• **Task directions**: Find the line containing "MirrorSpring_Set_-_SCALED.STL Download free" in the listing below. Repeat it exactly, along with each following line up to and including the one containing "Basanomics-Expo Norte Concepción 1".

── Provided data ──

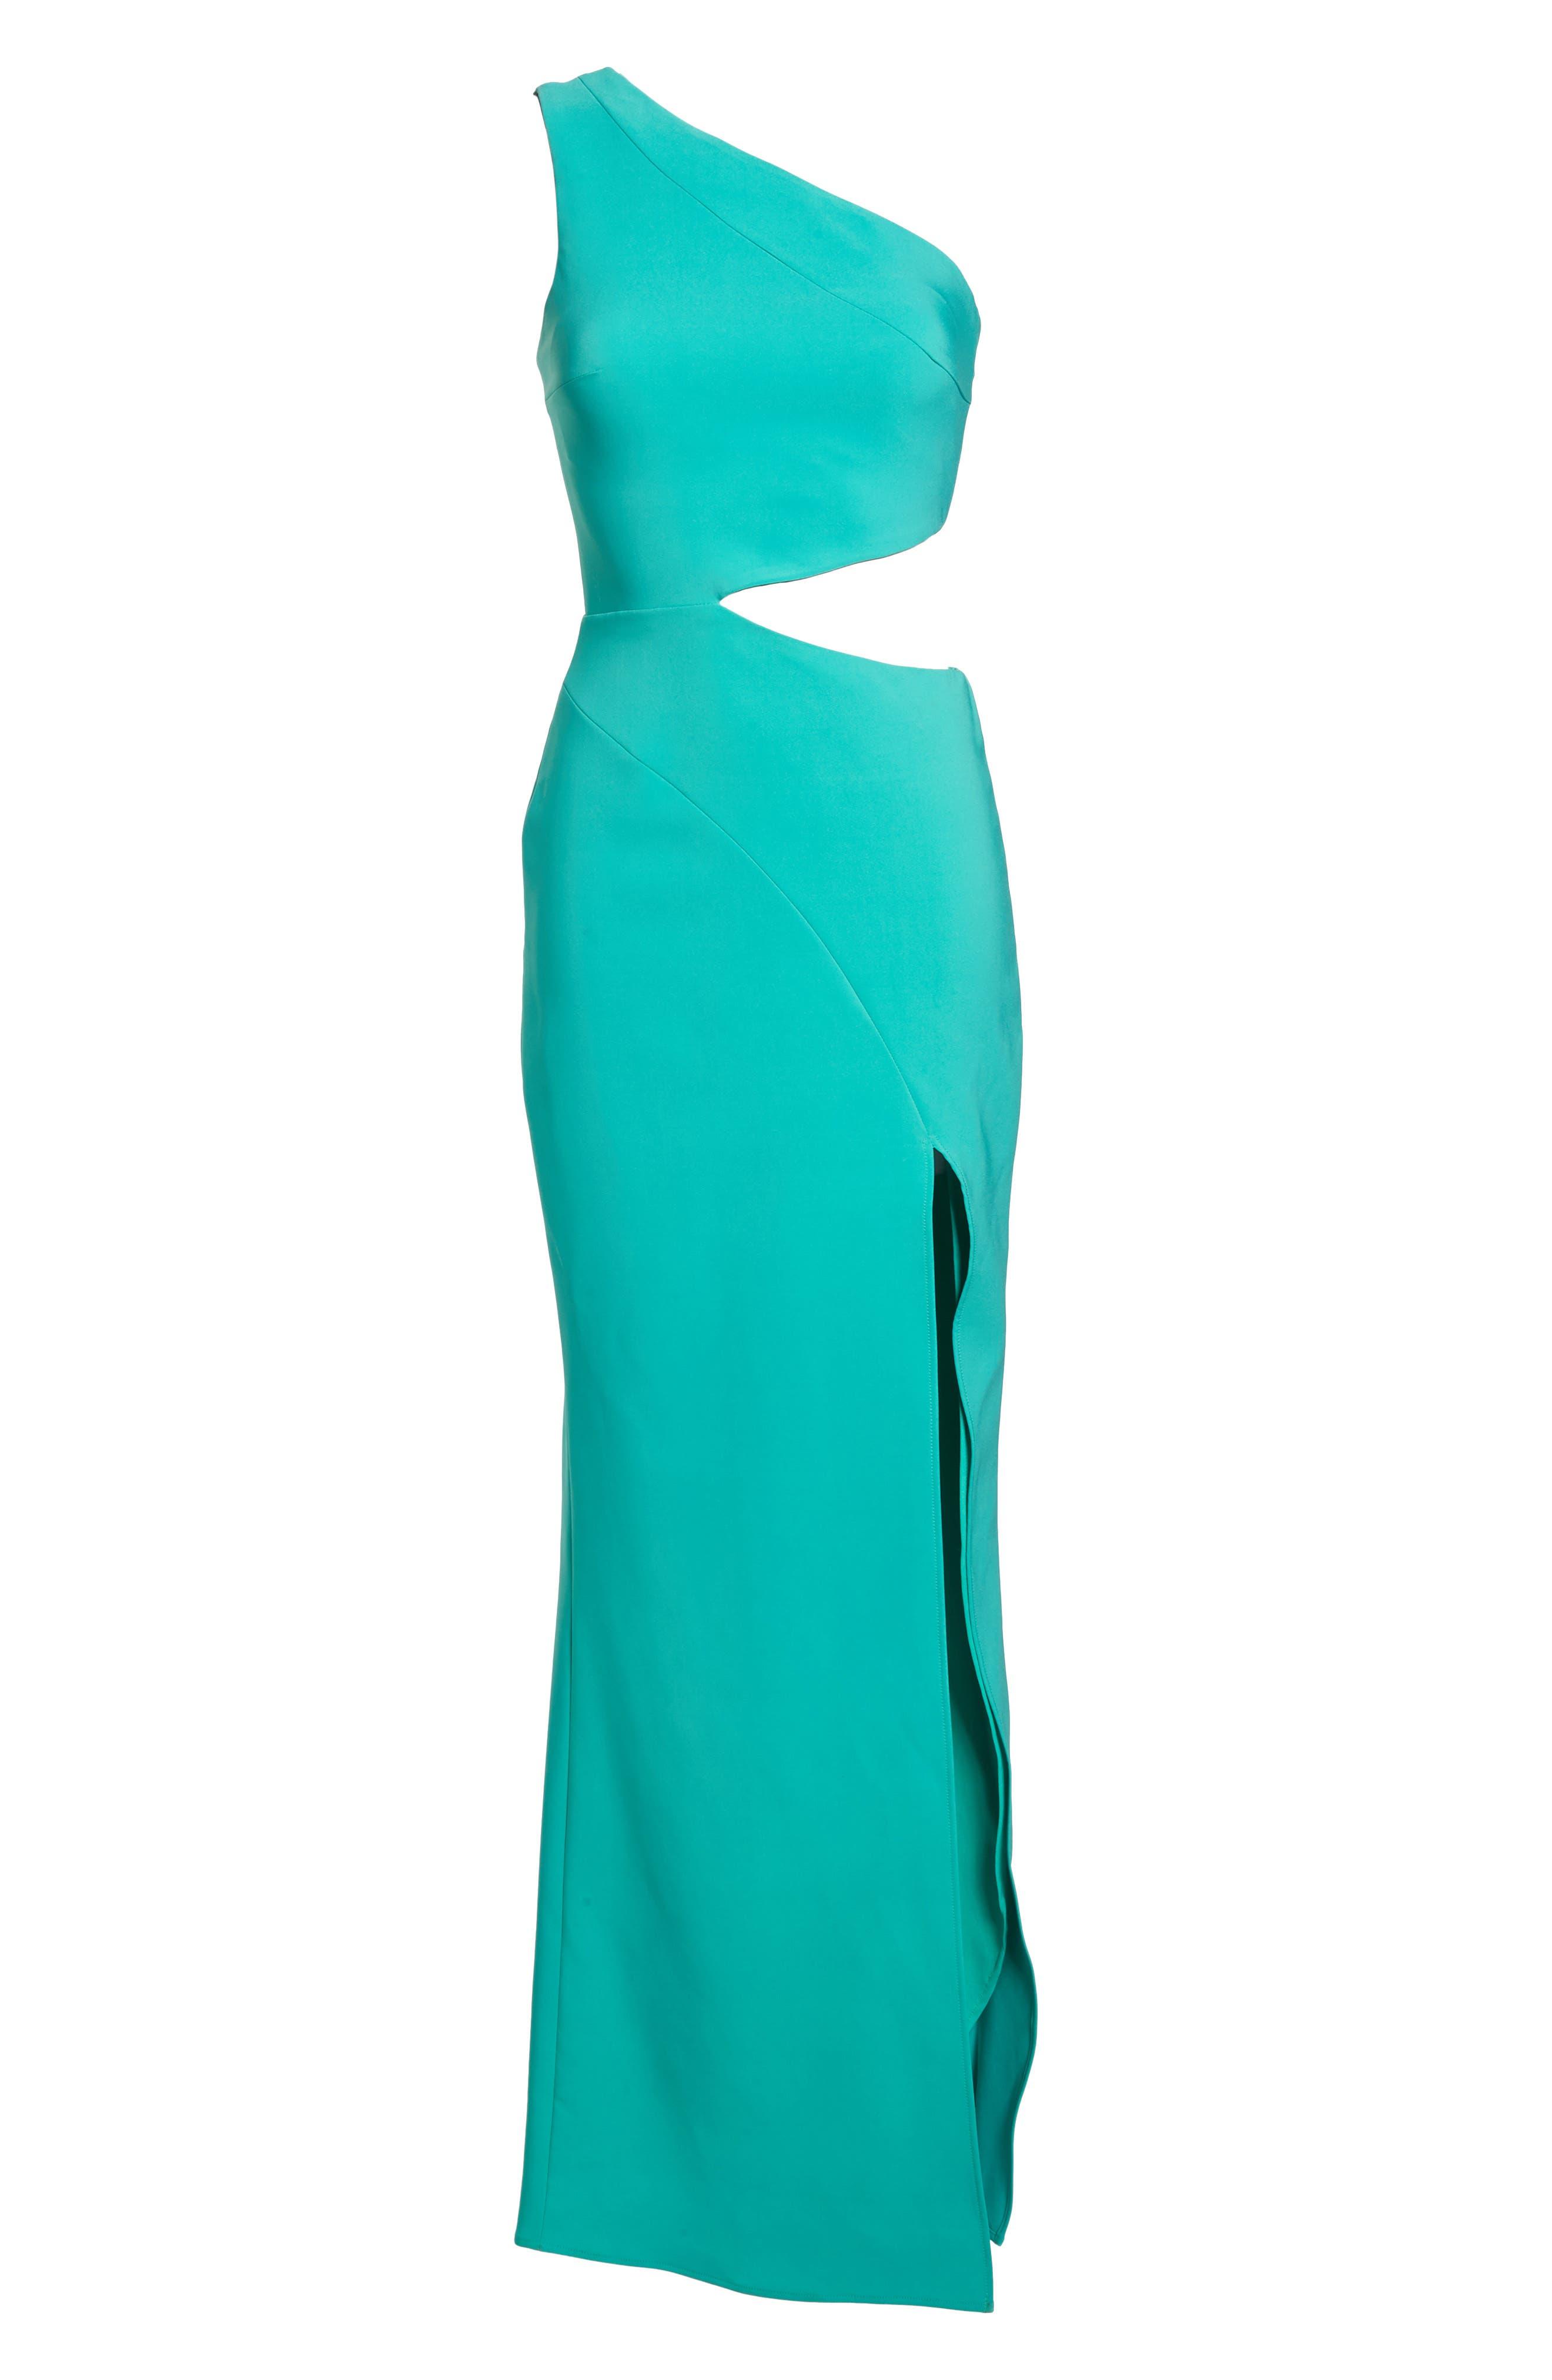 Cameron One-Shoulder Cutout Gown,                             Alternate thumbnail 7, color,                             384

───
── Provided data ──

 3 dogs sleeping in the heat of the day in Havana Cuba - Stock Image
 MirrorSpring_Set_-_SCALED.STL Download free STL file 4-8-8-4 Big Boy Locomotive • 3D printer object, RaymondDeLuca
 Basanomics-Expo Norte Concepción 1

───

• **Output of the task**:
 MirrorSpring_Set_-_SCALED.STL Download free STL file 4-8-8-4 Big Boy Locomotive • 3D printer object, RaymondDeLuca
 Basanomics-Expo Norte Concepción 1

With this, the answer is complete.